Sexta, 30.
Respondendo ao apelo do João, fui à Brasileira esta manhã. Enquanto aguardava por ele, deixei o tempo correr na esplanada onde só eu e os empregados falavam português. No centro daquela babilónia, estava Pessoa na forma escultórica que Lagoa Henriques o imortalizou. Cirandava em meu redor, com a multidão de turistas, uma aragem quente que não feria, mas incomodava. Ali fiquei uma boa meia hora, perdido a observar sem ver, o pensamento vagabundeando por lugares e rostos, a memória arrastada para longe, sem sair daquele lugar que comecei a frequentar muito moço e cujas recordações conservo como tesouros não só de uma época como de um edifício que se mantém vertical ante a derrocada de tudo à minha volta. Naquele exercício, aconteceu uma espécie de esvaziamento mental, como quem se despe e expõe a pureza do corpo onde a inocência está intacta e não fere o olhar nem atrai a concupiscência do delírio.
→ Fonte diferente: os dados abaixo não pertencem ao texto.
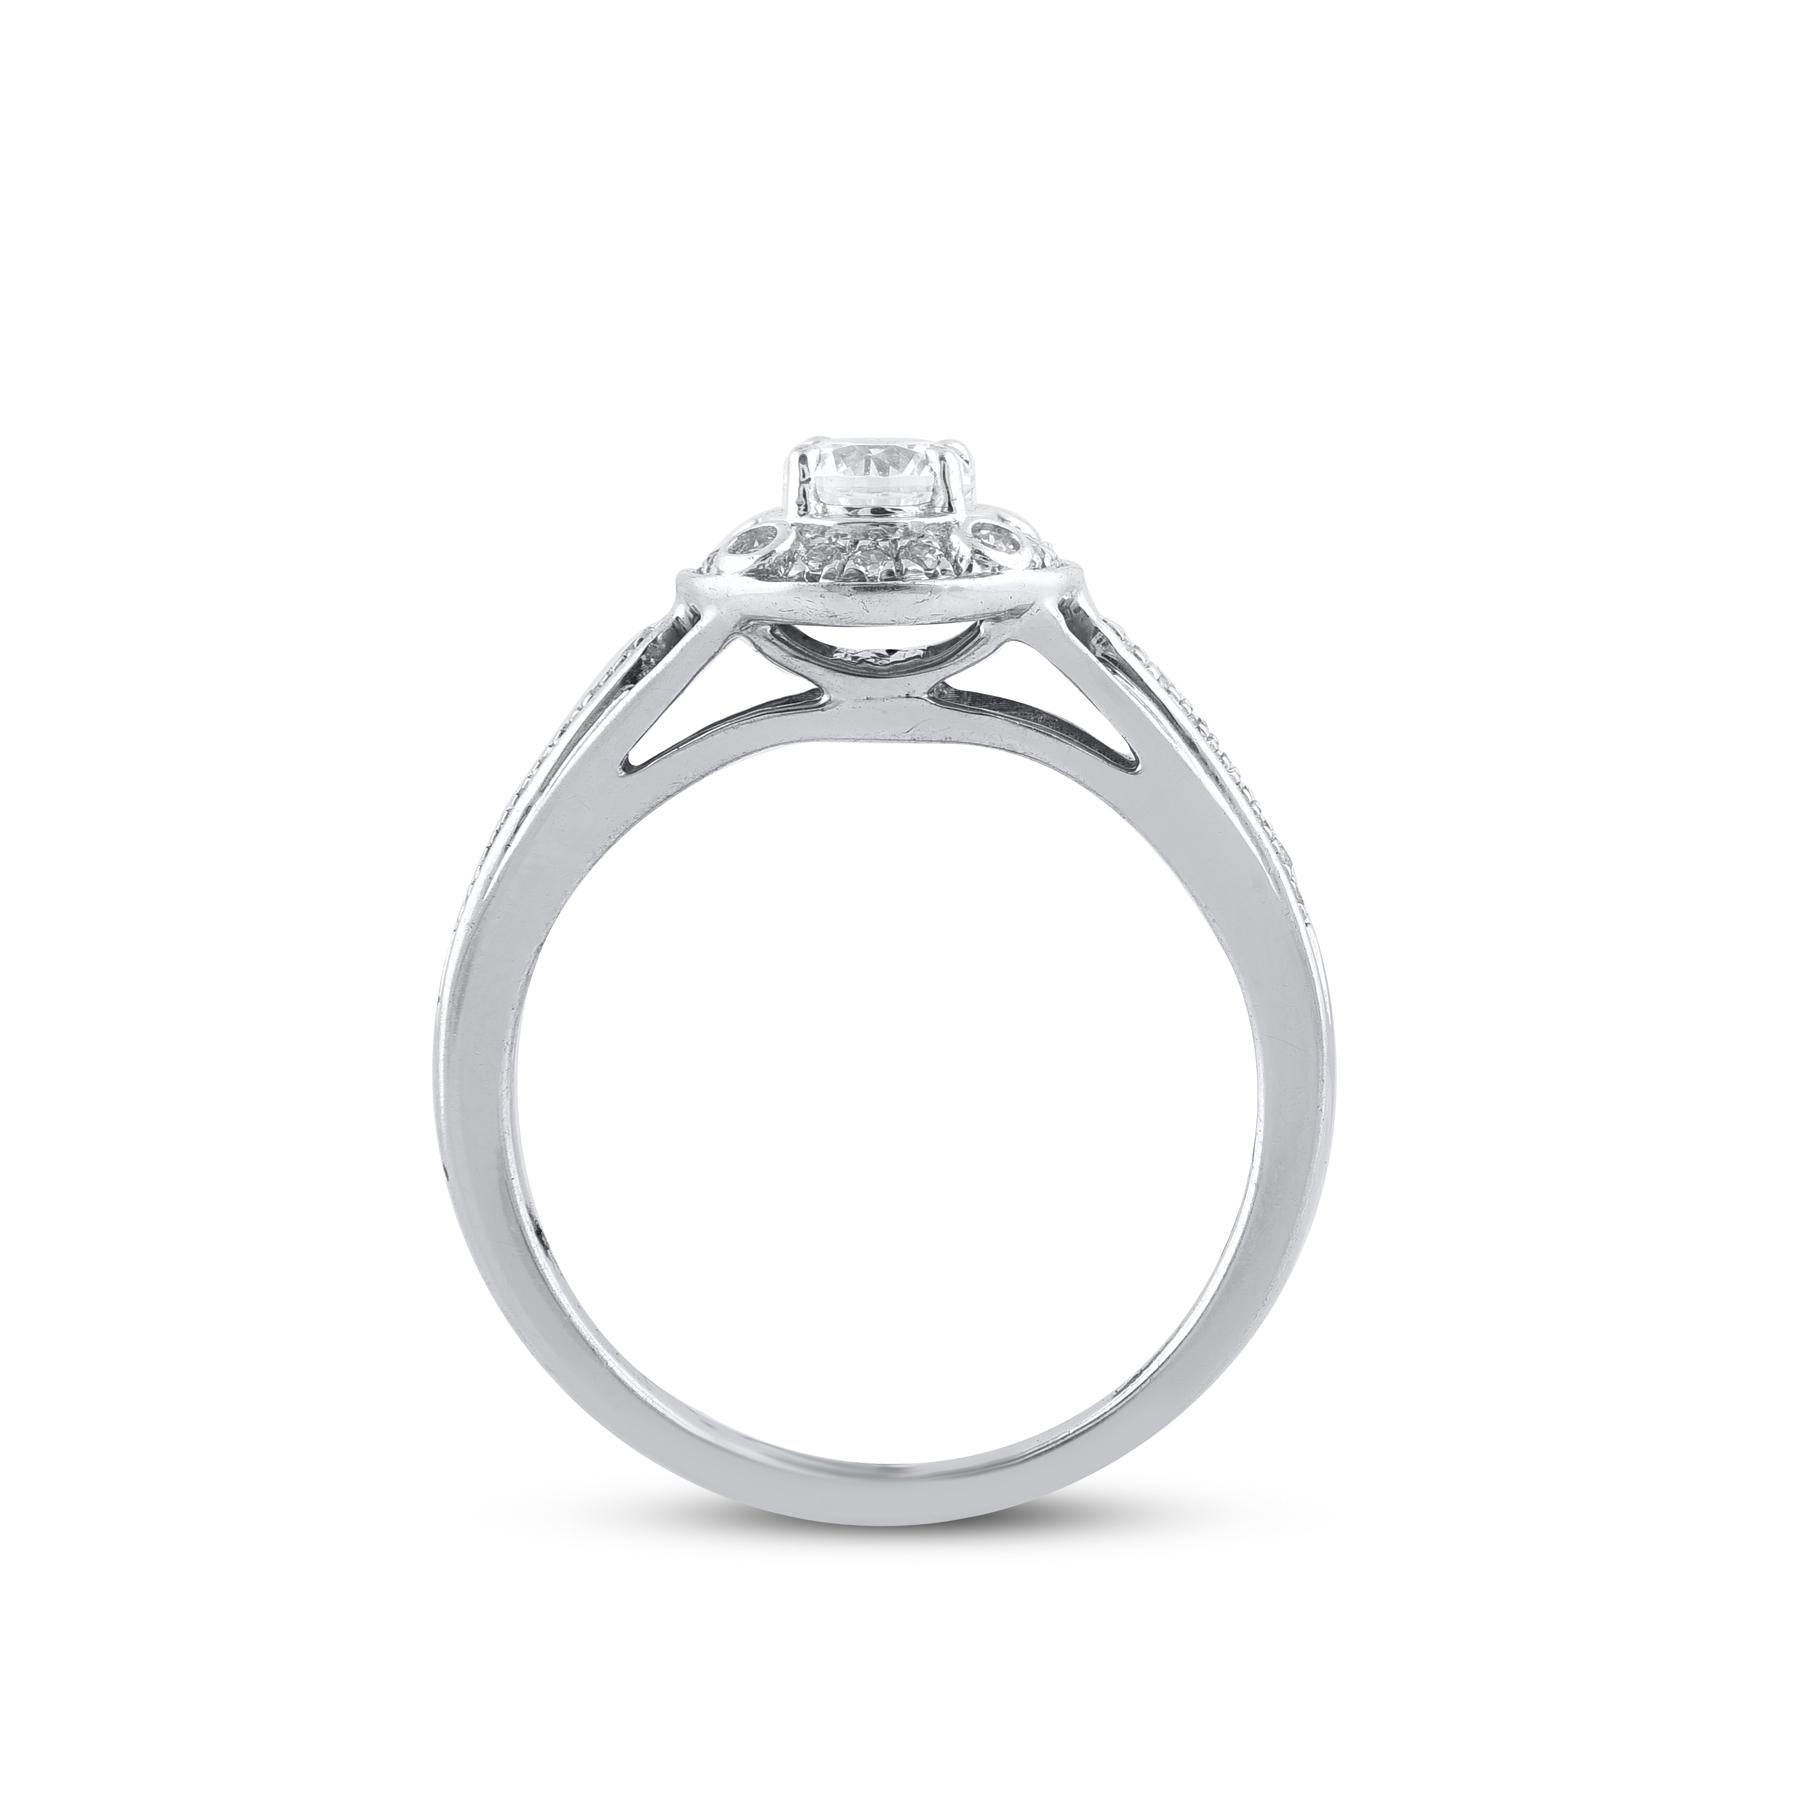 Round Cut TJD 0.50 Carat Round Diamond 18 Kt White Gold Engagement Ring For Sale

Estive parado numa bolha de tempo, desaparecido de mim, e todavia centrado no espaço de tempo que me conserva intacto, à flor do presente-passado, nessa garganta próxima do abismo que se esvai, carregando consigo memórias ancestrais, segredos e paixões que não ousamos contar ao tempo leviano infiltrado em nós, levando e trazendo, como coscuvilheira de vão de escada, os segredos que sobem do fundo do mistério de uma manhã que rasga em pedaços recordações vadias que emergem em cachão de nós.
- O Almirante disse ao que vem. Contudo, o seu projecto apresentado ontem solenemente na Gare Marítima de Alcântara, não passa de um programa de governo – sua excelência enganou-se.